▼▼▼

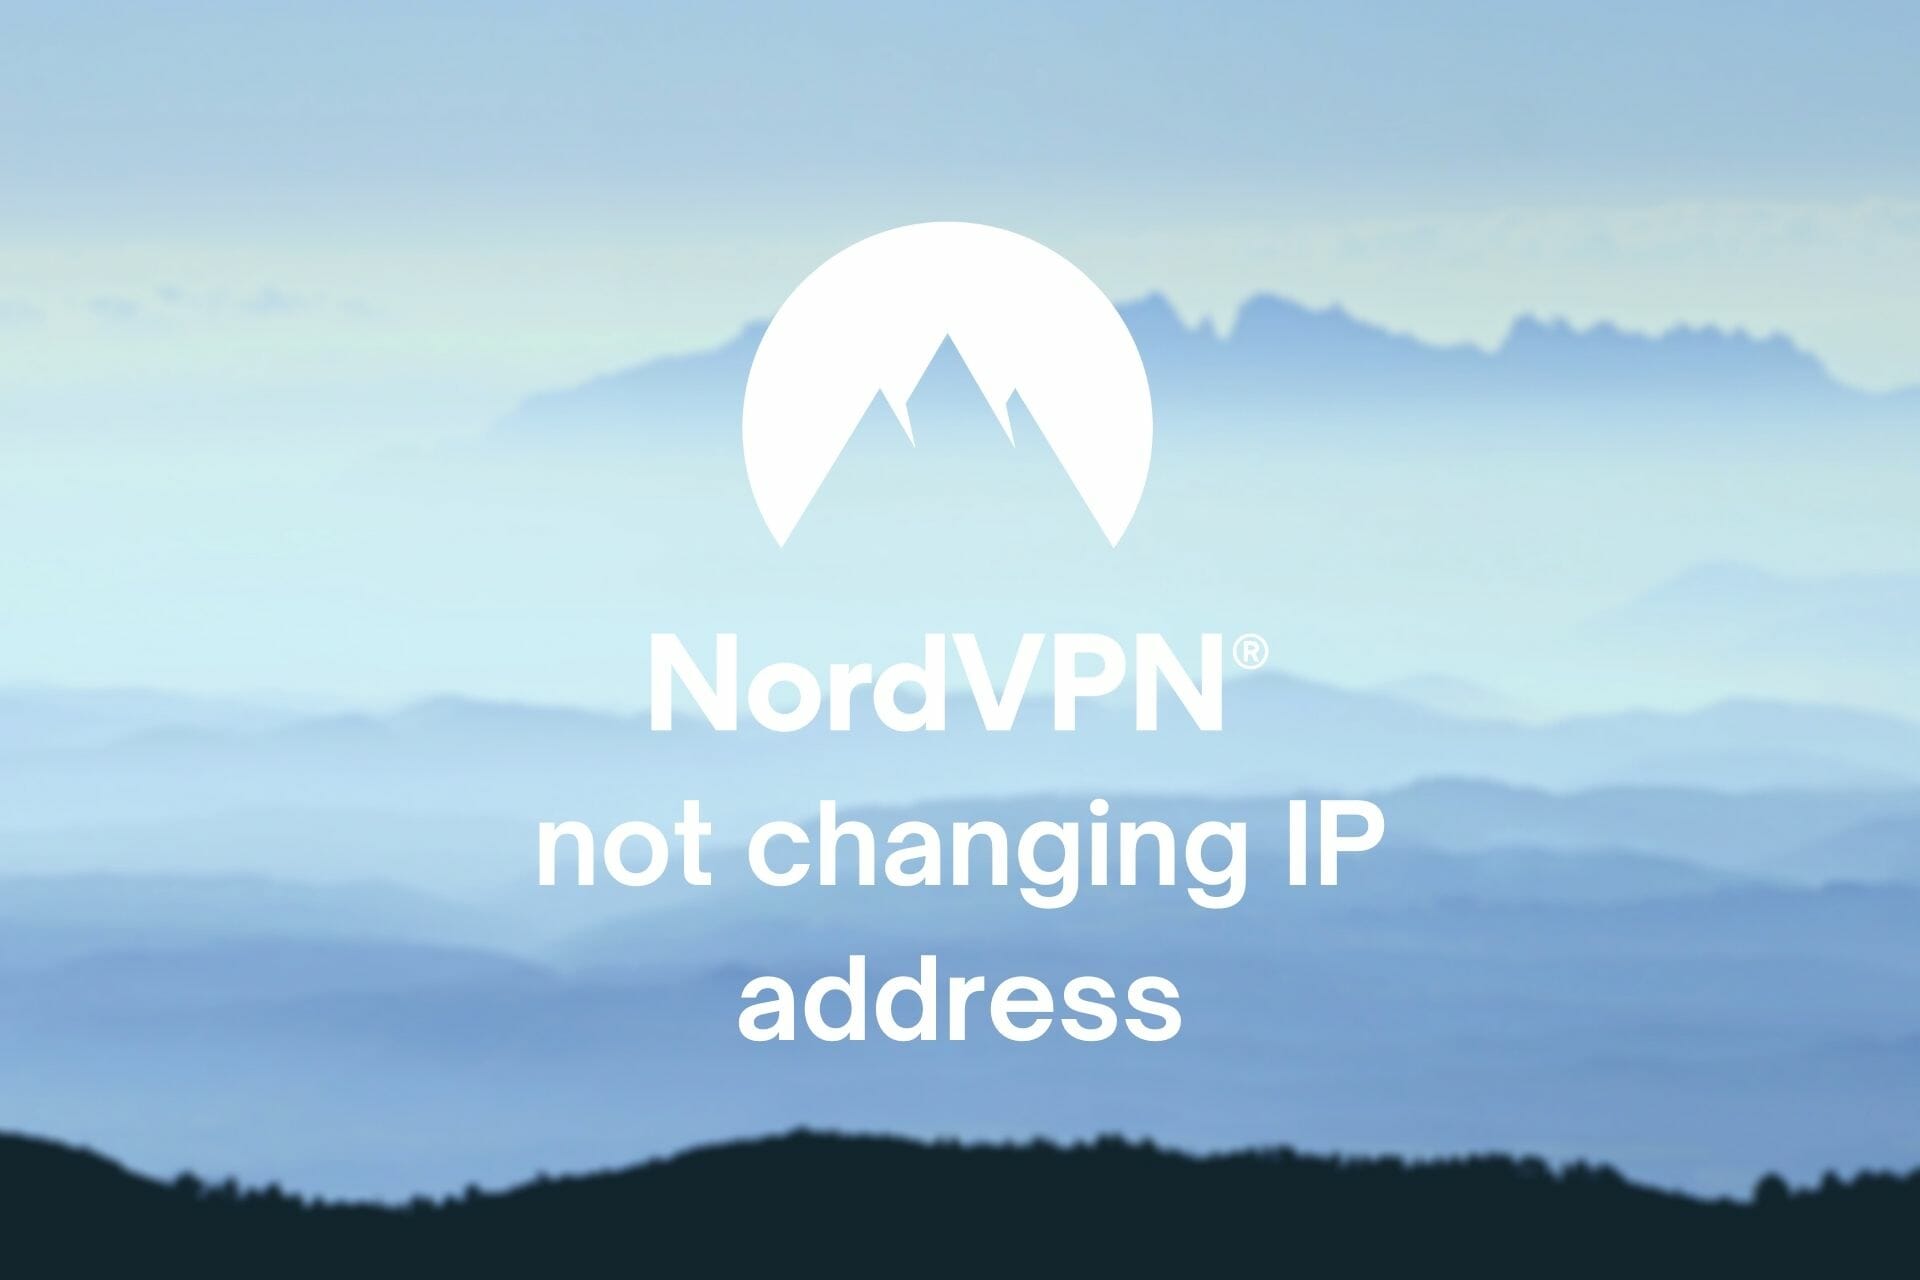 nordvpn assigning ip address stuck
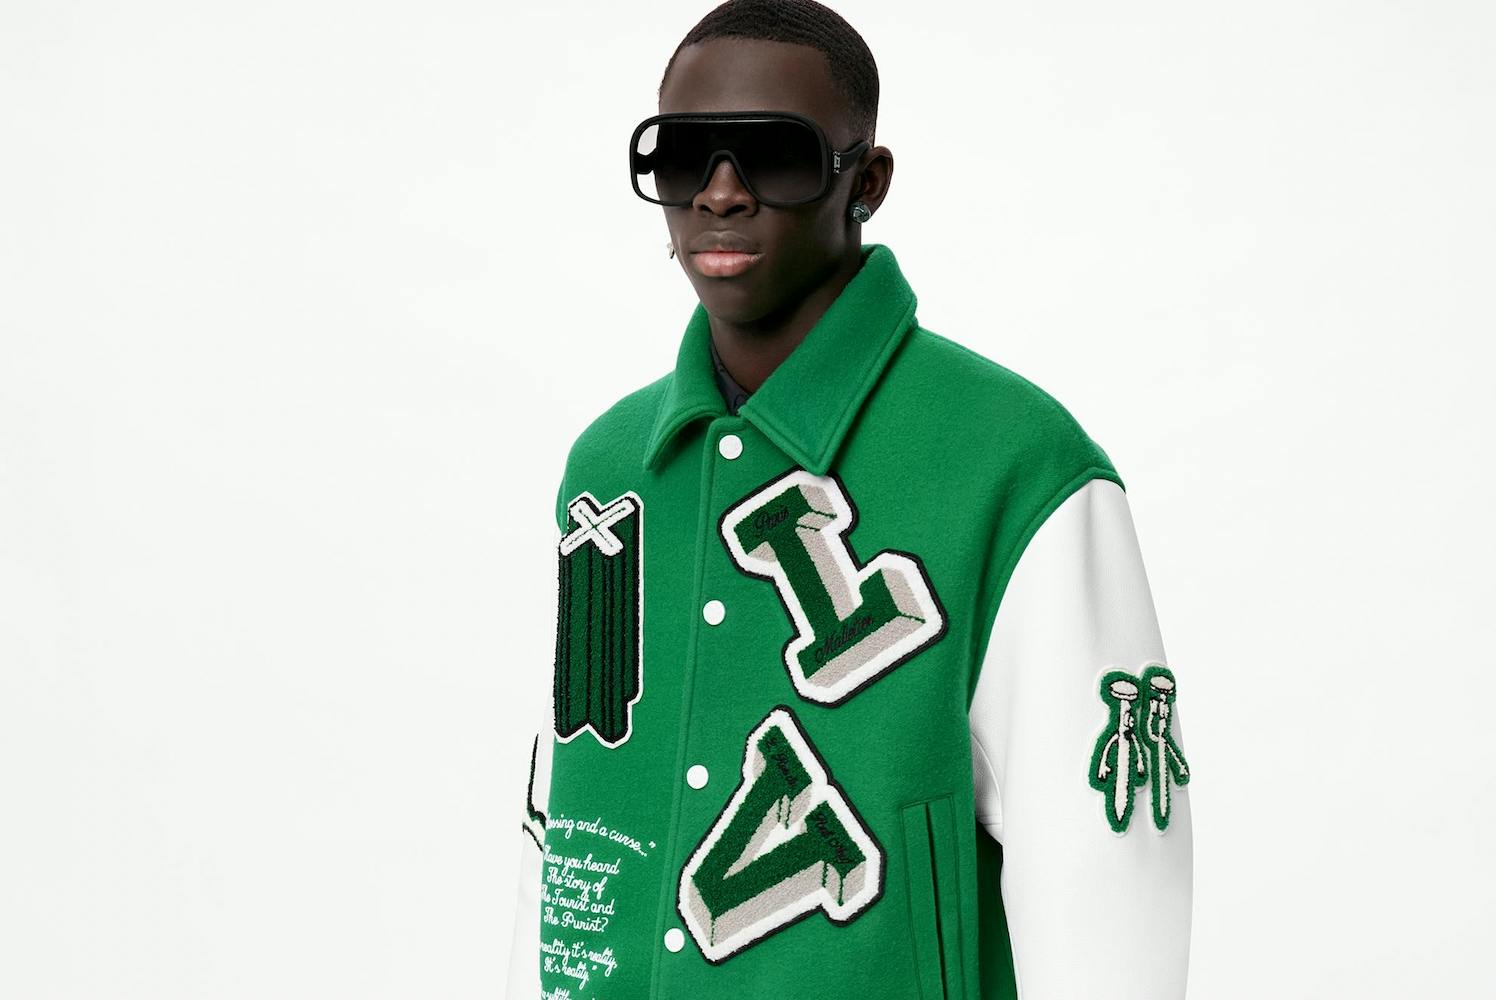 Green Louis Vuitton Letterman Jacket - Jackets Creator
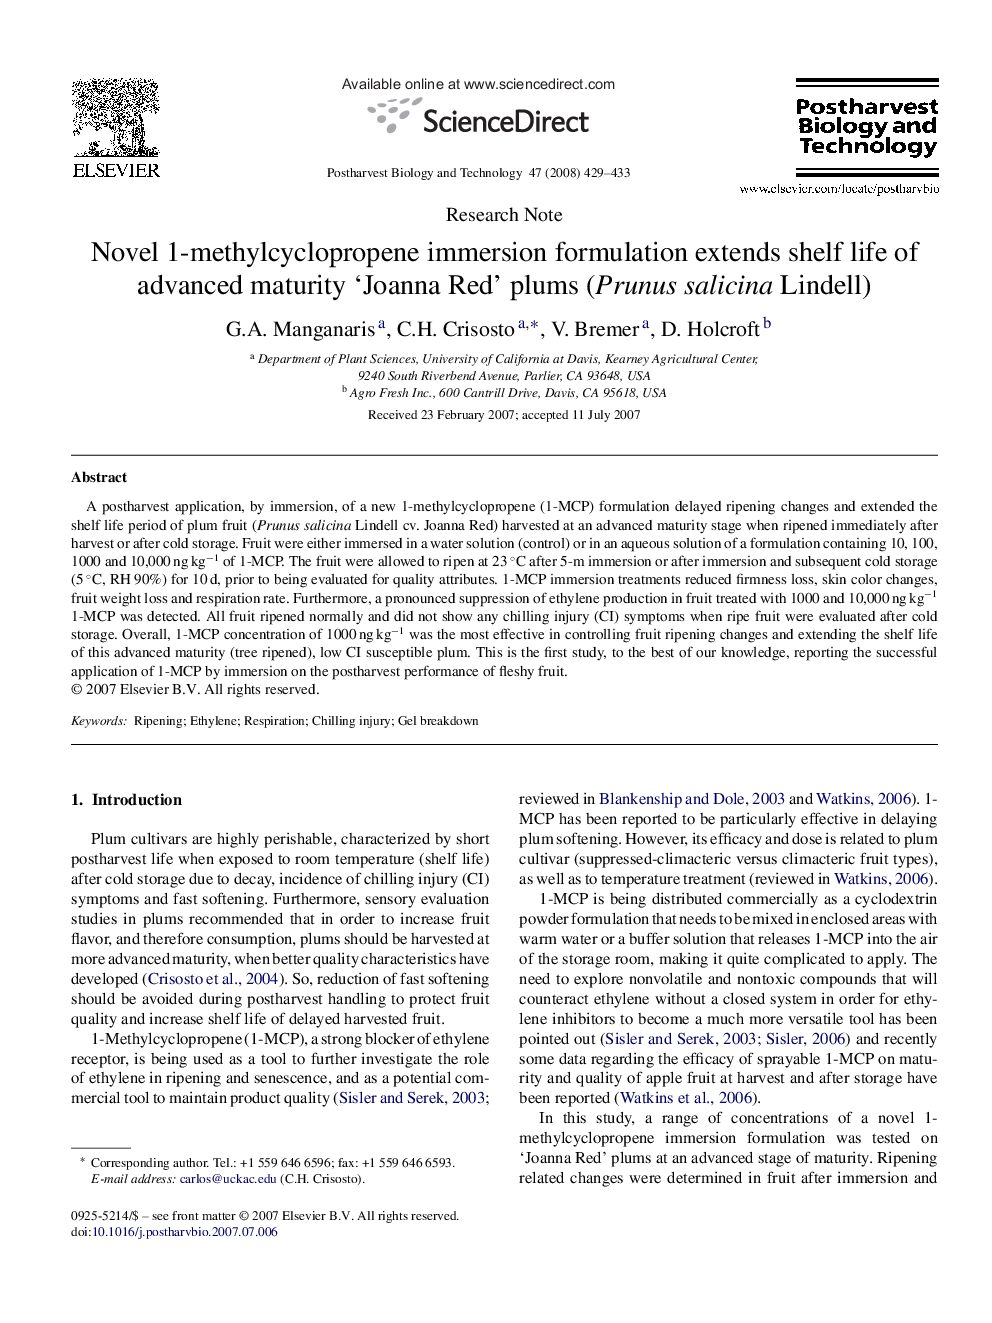 Novel 1-methylcyclopropene immersion formulation extends shelf life of advanced maturity 'Joanna Red' plums (Prunus salicina Lindell)

▲▲▲

**TASK STATEMENT:** Every line of the listing must be reproduced exactly, though the pictures are to be left out.

**THE ANSWER:**
 nordvpn assigning ip address stuck
 Green Louis Vuitton Letterman Jacket - Jackets Creator
 Novel 1-methylcyclopropene immersion formulation extends shelf life of advanced maturity 'Joanna Red' plums (Prunus salicina Lindell)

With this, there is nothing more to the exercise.